One stranger experiment worth watching: inference markets. Spot-priced GPU capacity, sold by the second, routed by latency and price across providers. Akash, Vast, and Together's combined spot tier moved $40M in compute in March 2026—up from nothing a year earlier. Your inference stack now has a yield curve.
Looking ahead
Three things are about to get weird.
Inference will eat training's budget. For the first time, Anthropic, OpenAI, and Google are all spending more on serving inference than on training the next model. The flywheel reversed—inference revenue funds training, not the other way around—and that's reshaping how new architectures get evaluated. "How well does it serve?" is now a first-class question alongside "how well does it train?"
Hardware-software co-design becomes mandatory. The next generation of models will be designed against specific inference targets—specific chips, specific quantization formats, specific batch sizes.

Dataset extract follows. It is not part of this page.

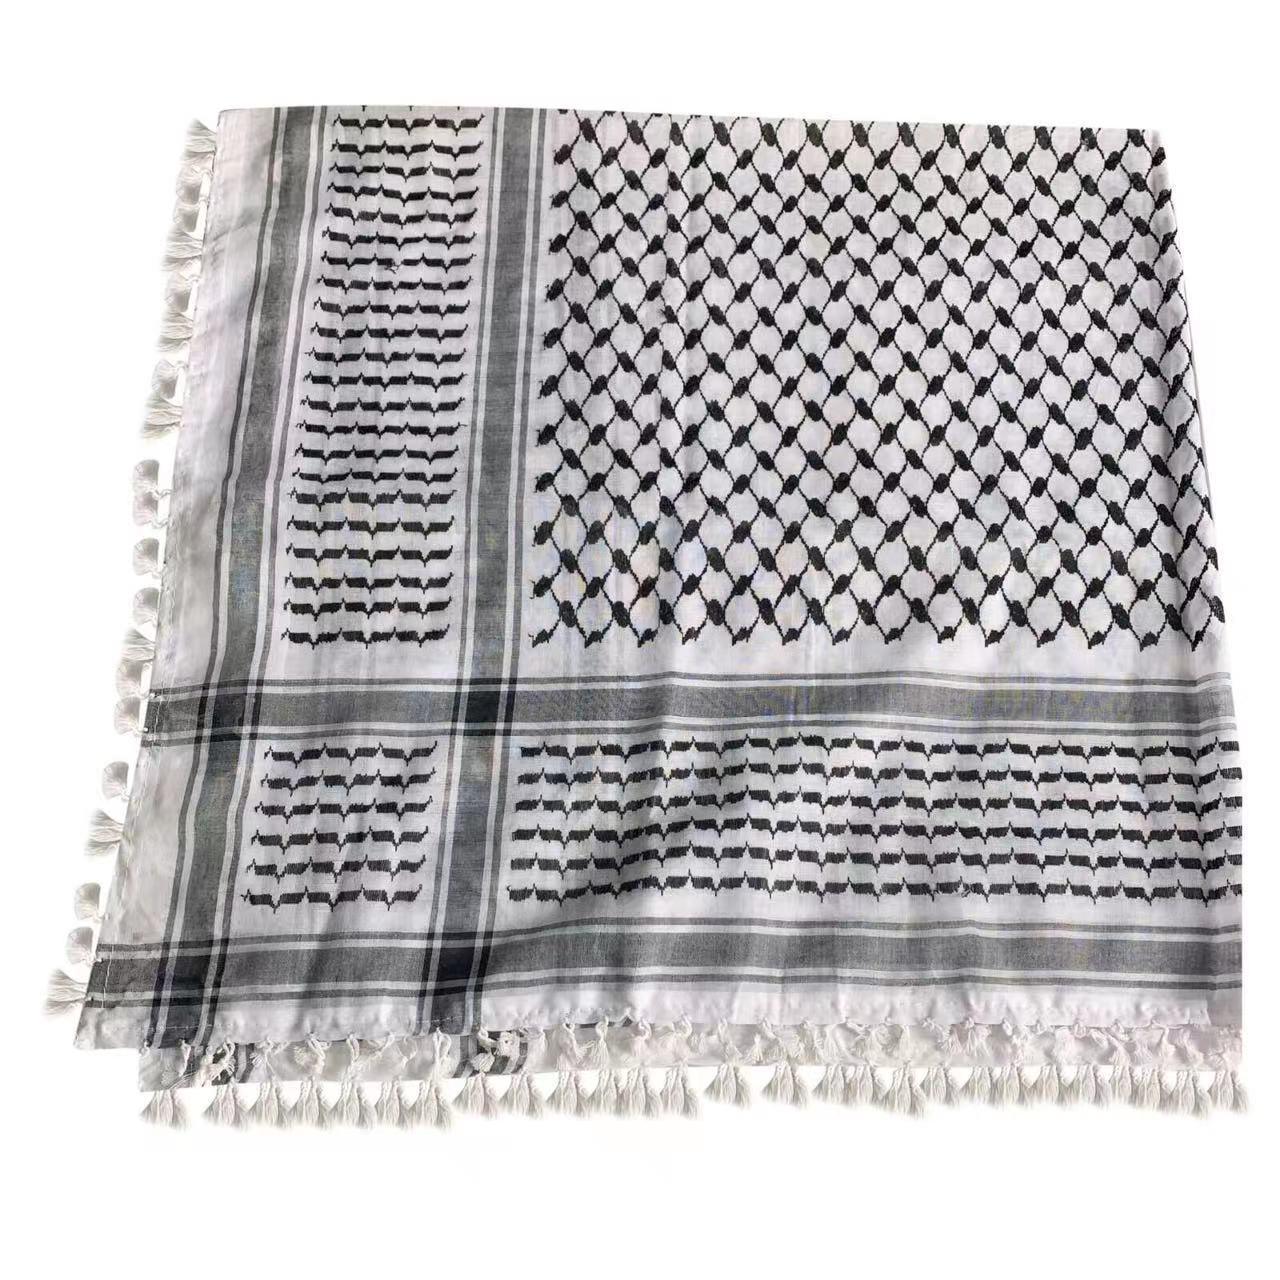 MH052 Four-Sided Fringed Kuffiyeh Square Hijab - Mariam's Collection
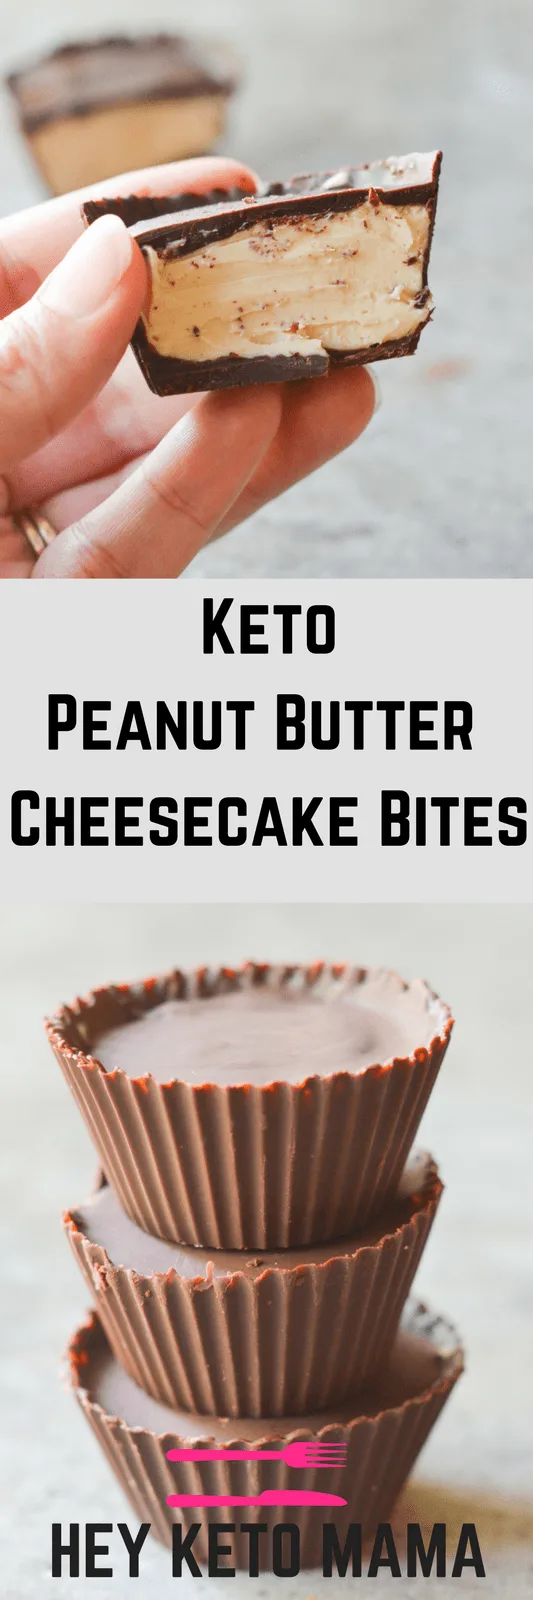 These Keto Peanut Butter Cheesecake Bites are a yummy, low carb, high fat, no-bake dessert that will have you running back for more! | heyketomama.com

The "train once, serve anywhere" era is ending. Llama 5 is rumored to ship in three "shapes" tuned for three different inference profiles.
Compliance and observability eat the next layer. As inference moves into regulated industries, every token needs to be auditable—which model, which prompt, which user, which approval. The testing story we covered last issue was the prototype for this; the same logging hooks are now being wired into the inference runtime itself, not just the tool layer.
The hidden shift? Inference is no longer an implementation detail—it's the product. The model gives you intelligence; the inference stack decides whether that intelligence is fast enough, cheap enough, and private enough to actually use. The next billion-dollar AI companies won't be model labs. They'll be the people who figured out how to run someone else's model 50× cheaper than the lab can.